Daniel Mohan has joined Polsinelli‘s health care practice as a shareholder from Morris Manning & Martin. Mohan represents hospitals, doctor groups and other health care providers in facility acquisitions, joint ventures and other transactions. Polsinelli has one of the country’s largest health care practices. American Health Lawyers Association this month named it the second-largest health care firm in the country. The firm launched its Atlanta office in 2014 when it acquired Rafuse Hill & Hodges, with 11 labor and employment lawyers and litigators. It landed a seven-lawyer health care team in 2015 from Kilpatrick Townsend & Stockton.
Parker Poe Adams & Bernstein has hired Shaney Lokken as counsel for its growing public finance group from SunTrust, where Lokken was chief compliance officer for security-based swaps.
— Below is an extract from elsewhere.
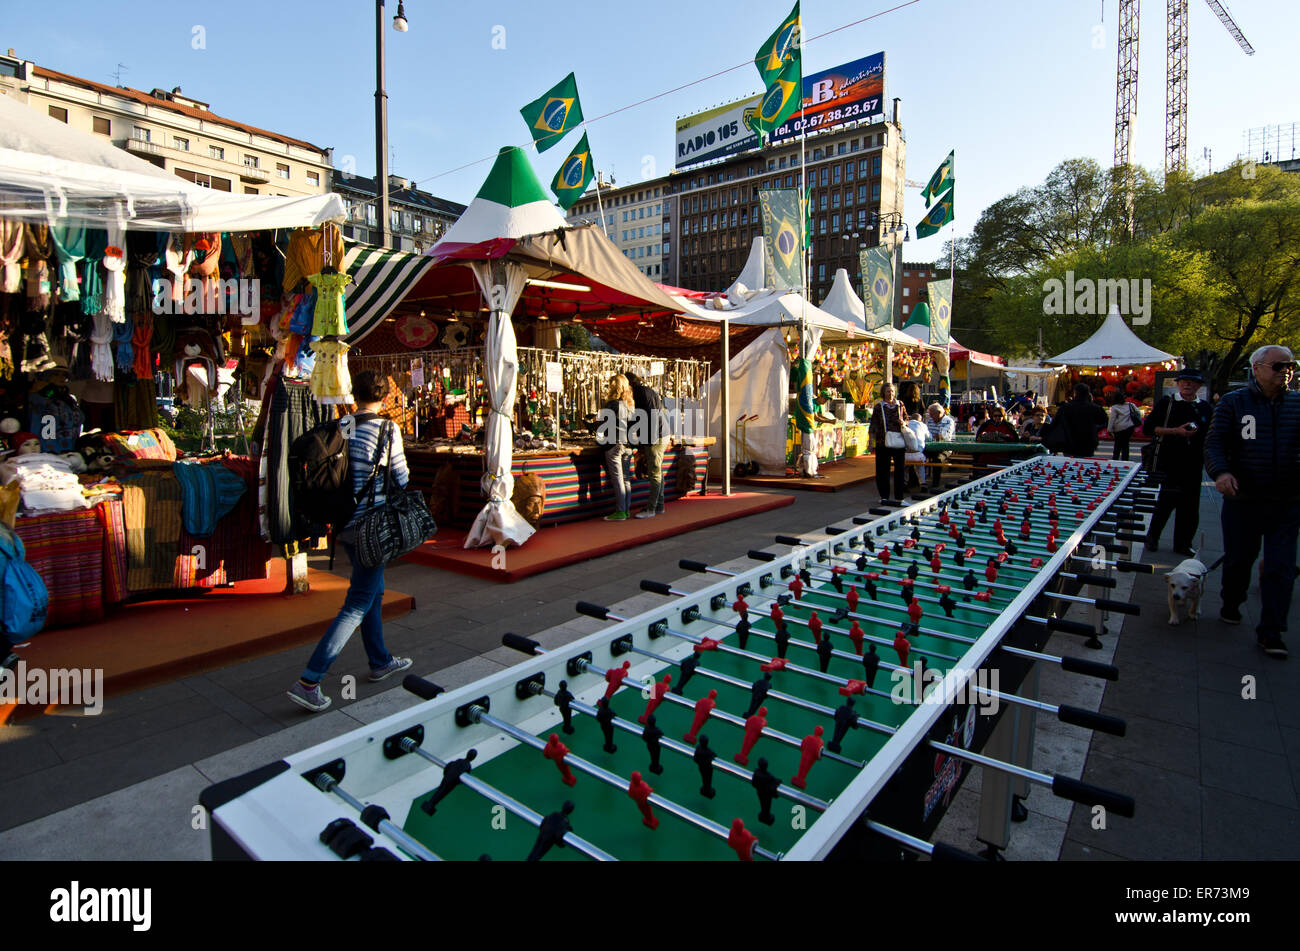 Giant Fussball tavolo da gioco al mercato di fronte a Milano stazione ferroviaria, Italia Foto Stock

The Charlotte-based firm snagged partner Matt Nichols from Eversheds Sutherland earlier this year, after opening an Atlanta office at the start of 2016.
R. Andrew Snider has joined family law firm Levine Smith Snider & Wilson as an associate from another family law firm, Hackett & Wine, in Dunwoody. Snider had clerked for Levine Smith after earning his J.D. from Mercer University in 2015.
Corporate and M&A lawyer Robert Swartwood II has joined James-Bates-Brannan-Groover as of counsel from Eversheds Sutherland. Swartwood, who spent 14 years in the U.S. Army, also runs Ranger Coffee, which gives half of its profits to nonprofits that help veterans.
Litigation boutique Bloom Sugarman has hired Lainey McLellan as its executive director from Homrich Berg, a local wealth management firm, where she was client care manager.